In Ordnung oder German Angst

Neuhausen, Marsstraße, 11. Nov. 2015


Selten erzählten meine Großeltern mütterlicherseits vom Krieg. Nicht, weil ihnen darin Schreckliches widerfahren wäre, sondern schlichtweg, weil es kaum etwas zu erzählen gab. Mein Großvater brachte es auf den Punkt: „Zuerst kamen die Russen. Dann die Deutschen. Und dann wieder die Russen.“ Unter den Deutschen, da waren sich beide einig, war es besser. „Da herrschte Ordnung“, sagte meine Großmutter und ihr Mann, mein Großvater, nickte zustimmend.
Als ich Jahre später nach Deutschland kam, wunderte ich mich deswegen nicht, dass hier tatsächlich alles so schön ordentlich war. Auf den Straßen und den Feldern, die, anders als in meiner Heimat, wie Schachbretter aussahen. Ja, sogar im Wald schienen die Bäume, einer dem anderen gleich, in Reih und Glied zu stehen. Heute weiß ich, dass das beabsichtigt war. Sie sind ungefähr zu der Zeit, in der sich die Russen und die Deutschen um das Dorf meiner Großeltern balgten, von Menschenhand, vielleicht von der meines Großonkel väterlicherseits, der zur Zwangsarbeit eingezogen wurde, eingepflanzt. Die Natur bringt solche Monokulturen nicht hervor. Und das hat Gründe.
Nur ein paar Monate nach unserer Ankunft in dem Land, das zu unserer – d.h. meiner Eltern und meiner eigenen – zweiten Heimat werden sollte, erlebten wir in unserem am Waldrand gelegenen Hause einen Herbststurm, der einem wahren Inferno glich. Ein Baum nach dem anderen knickte um oder wurde ganz, mit dem Wurzelwerk, aus dem Boden gerissen. „Die Nadelbäume“, erklärte mir mein Vater, „Schlagen keine allzu tiefen Wurzeln.“
Außerdem, stellte er, der passionierte – wenn auch besonnene Pilzsammler („Es gibt zwei Sorten davon“, höre ich ihn predigen, „Die mutigen und die alten. Und beides schließt sich aus.“) – zu seinem Leidwesen fest, ist die Auswahl an Schwammerln in den lichten, da fast unterholzfreien Wäldern, recht bescheiden. Und Tiere sehe man auch so gut wie keine.

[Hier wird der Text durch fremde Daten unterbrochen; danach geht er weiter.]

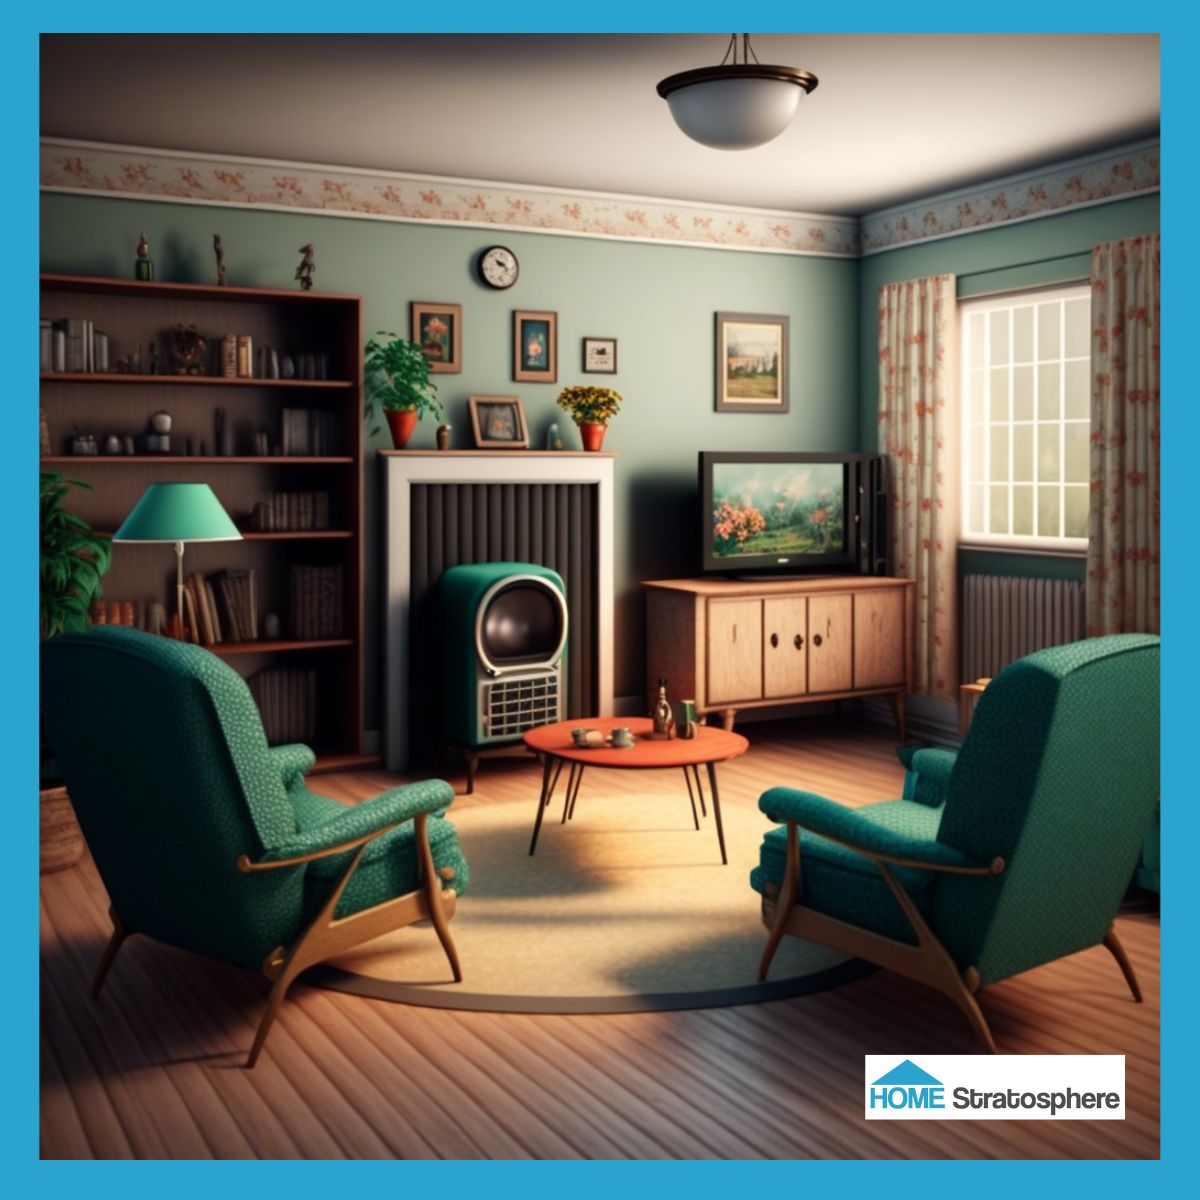 这个房间是过去和现在的完美结合。虽然中世纪的现代家具看起来直接来自20世纪50年代，但这个空间也有当代的细节，比如一台平板电视。花卉窗帘和边框是一个近乎完美的搭配，是明亮的蓝绿色墙壁的美丽补充。它看起来是一个看电影或和老朋友叙旧的好地方。

Die Pflanzenwelt lasse sich eben besser beherrschen. Wald vor Wild heißt das Motto der Deutschen deshalb, die schon in Panik ausbrechen, wenn ein einzelner Braunbär „unerlaubt“ die grüne Grenze überquert und hierzulande sein „Unwesen“ zu treiben beginnt. Man versucht dem „Invasor“ sogleich einen Namen zu geben: „Problembär“ und dergleichen. Und knallt ihn vorsichtshalber mal ab, bevor dieser auch nur annähernd in die Verlegenheit kommen könnte, ein echter „Schadbär“ zu werden.
Ähnlich verhält es sich mit den angeblichen Horden Wölfe, die die Ostgrenze passieren. Eine virtuelle Gefahr schwebt in der Luft, alle Förster und Jäger werden in Alarmbereitschaft versetzt. Und auch wenn die Experten die Gemüter zu beruhigen versuchen – die besorgten Anwohner treibt die Angst um, was alles passieren KÖNNTE, noch bevor etwas passiert ist.
Man soll keine Äpfel mit Birnen vergleichen oder Ausländer mit Bären. Aber – warum eigentlich nicht?